WHAT YOU NEED TO DO
When you reproduce the data, keep every word exactly as it stands and leave the pictures out.

INFORMATION SHOWN
******************************

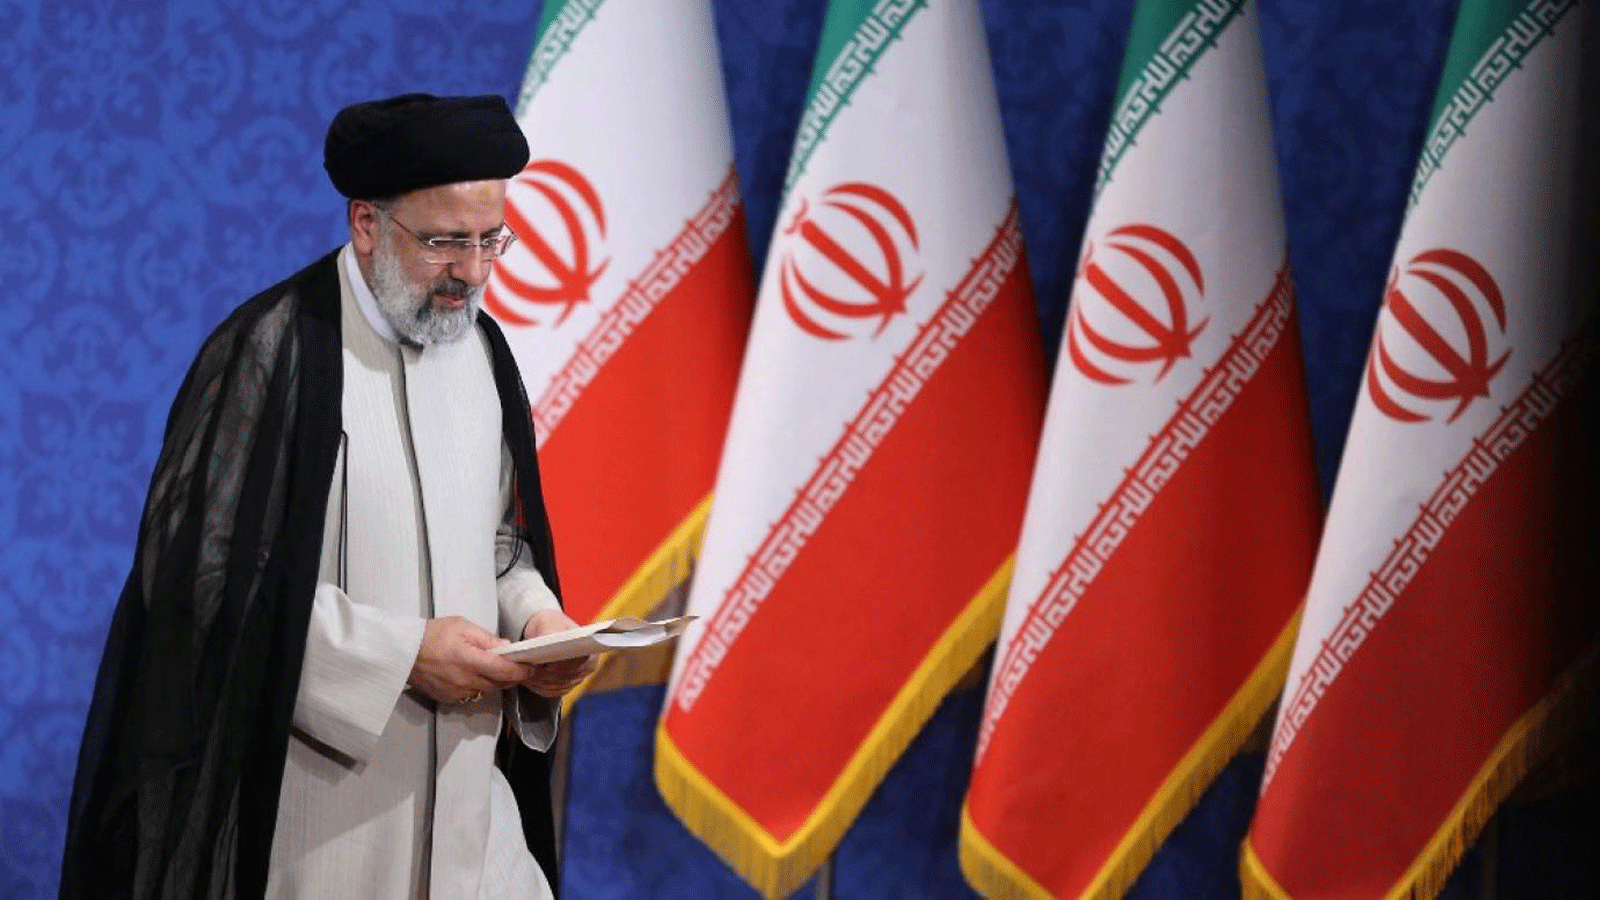 إبراهيم رئيسي خلال مؤتمره الصحفي الأول كرئيس منتخب في العاصمة الإيرانية طهران في 21 حزيران/يونيو 2021
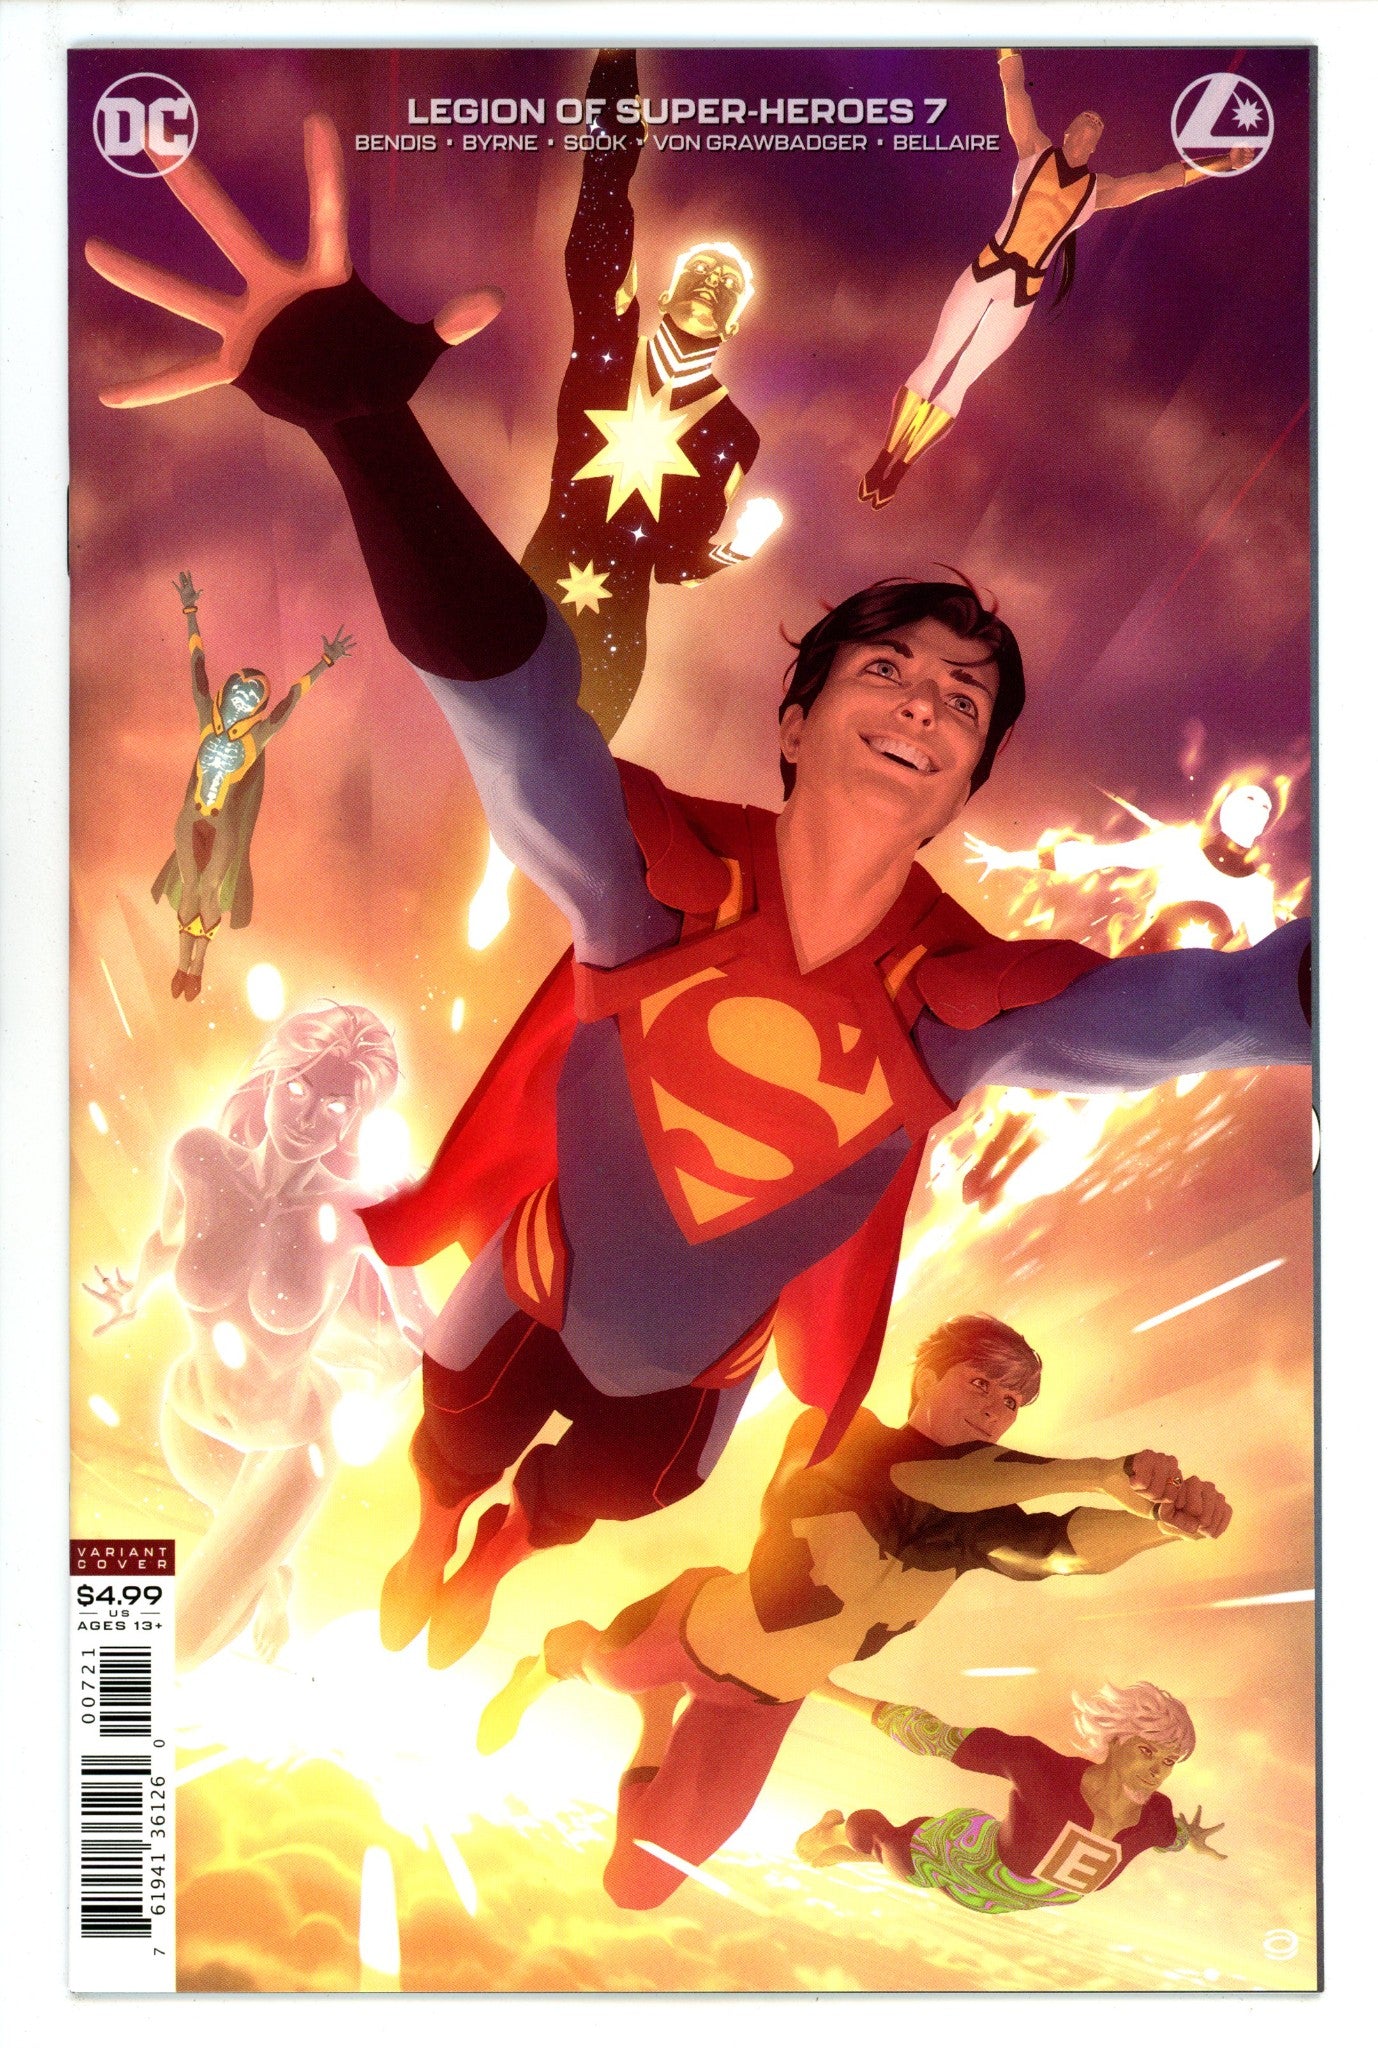 Legion of Super-Heroes Vol 8 7 High Grade (2020) Garner Variant 
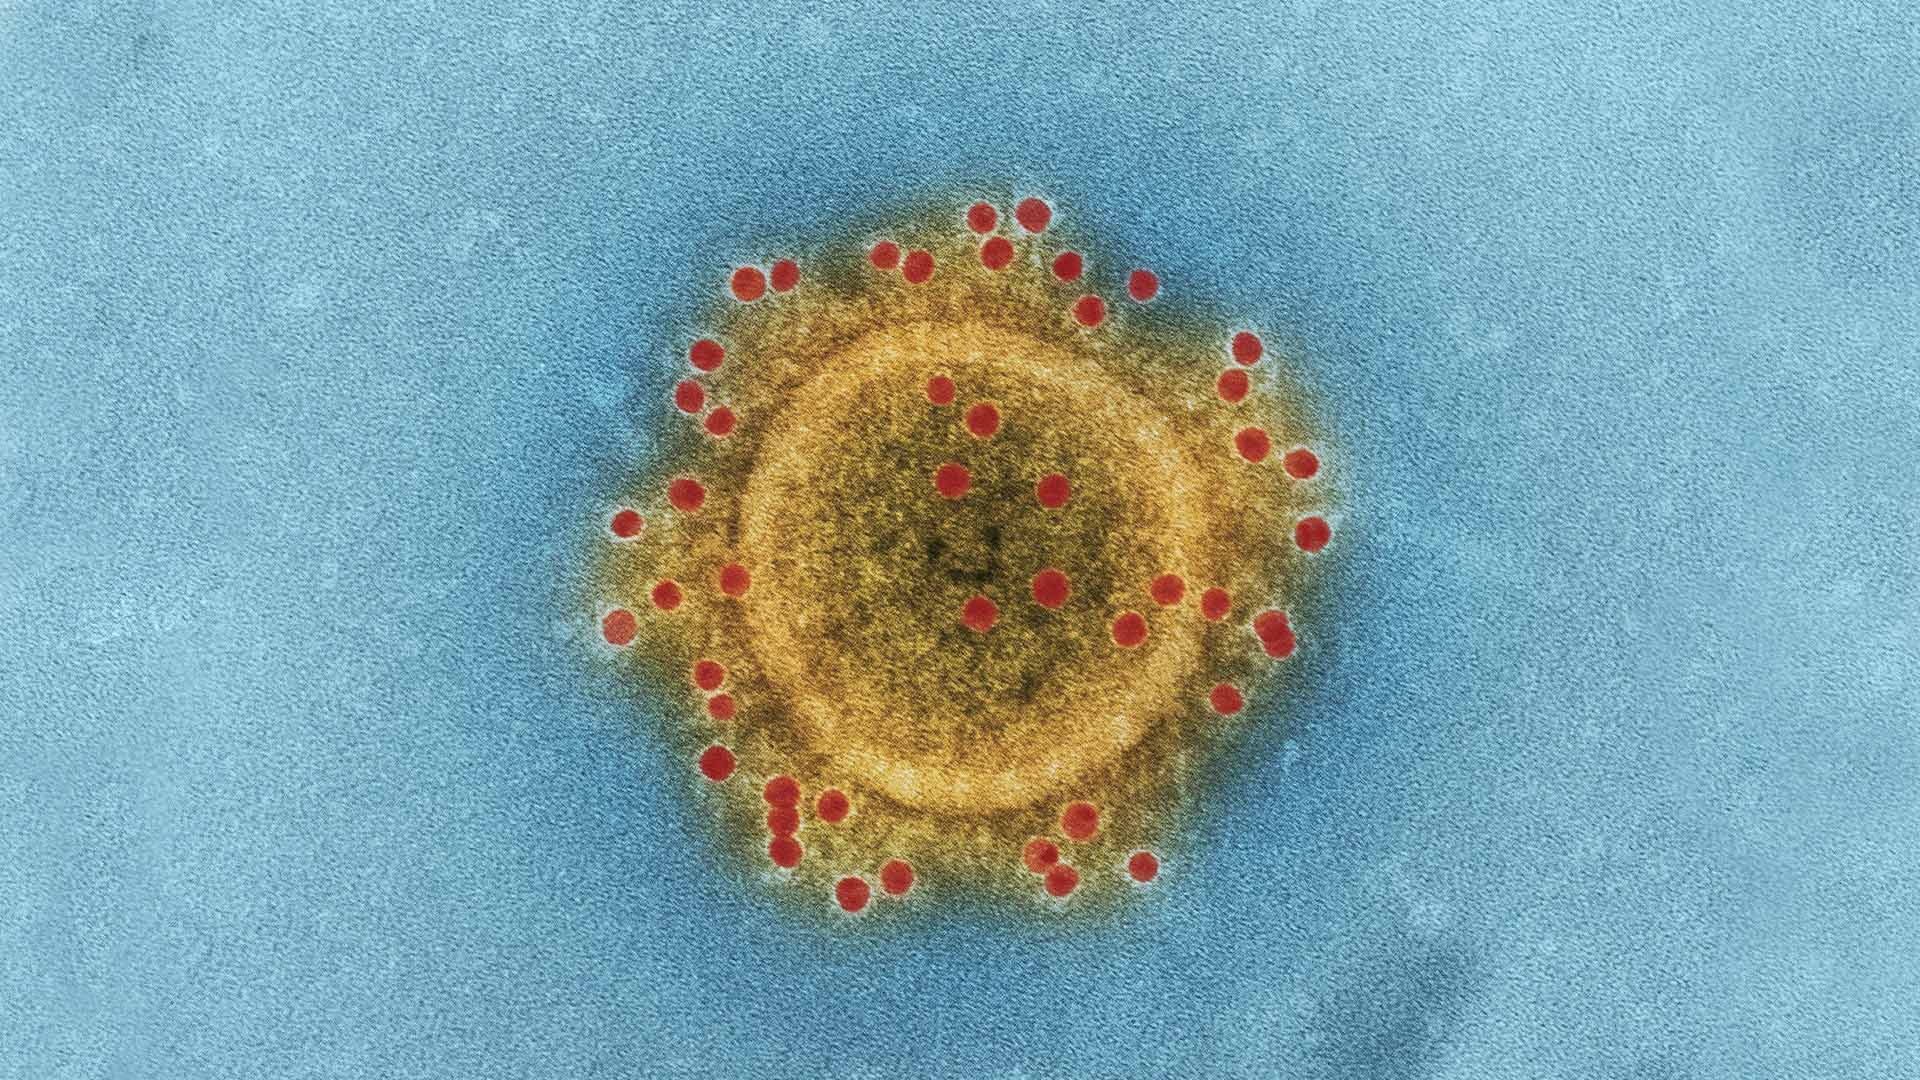 صورة فيروس ميكروسكوبي يثبت أنه أذكى من رافض للقاح لديه ٨٦ مليار عصبون
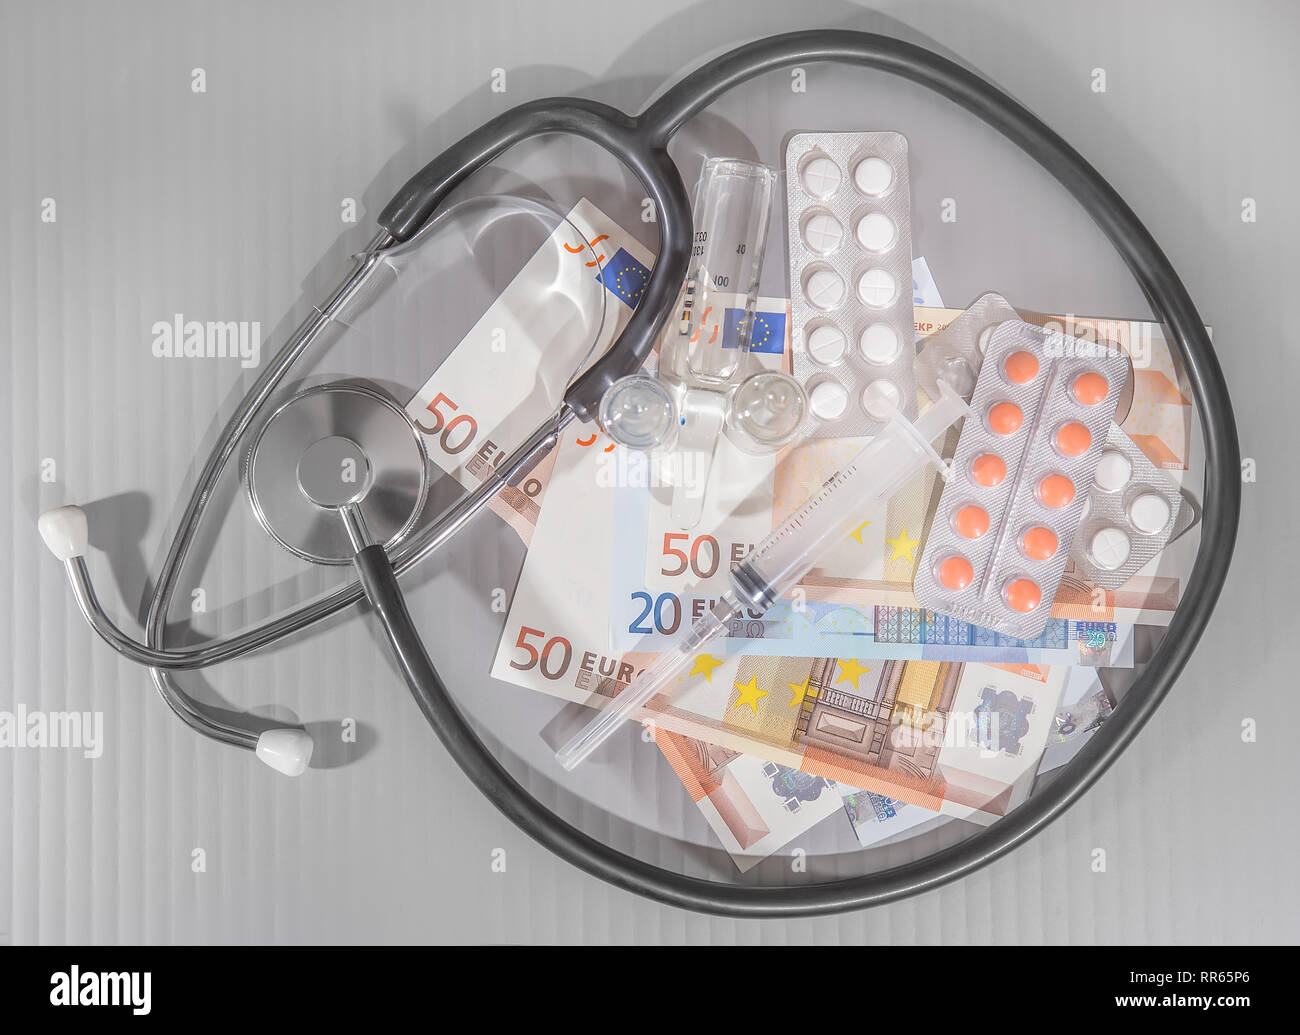 Billets médicaments seringue sur fond gris Banque D'Images

******************************

EXERCISE SOLUTION
 إبراهيم رئيسي خلال مؤتمره الصحفي الأول كرئيس منتخب في العاصمة الإيرانية طهران في 21 حزيران/يونيو 2021
 Legion of Super-Heroes Vol 8 7 High Grade (2020) Garner Variant 
 صورة فيروس ميكروسكوبي يثبت أنه أذكى من رافض للقاح لديه ٨٦ مليار عصبون
 Billets médicaments seringue sur fond gris Banque D'Images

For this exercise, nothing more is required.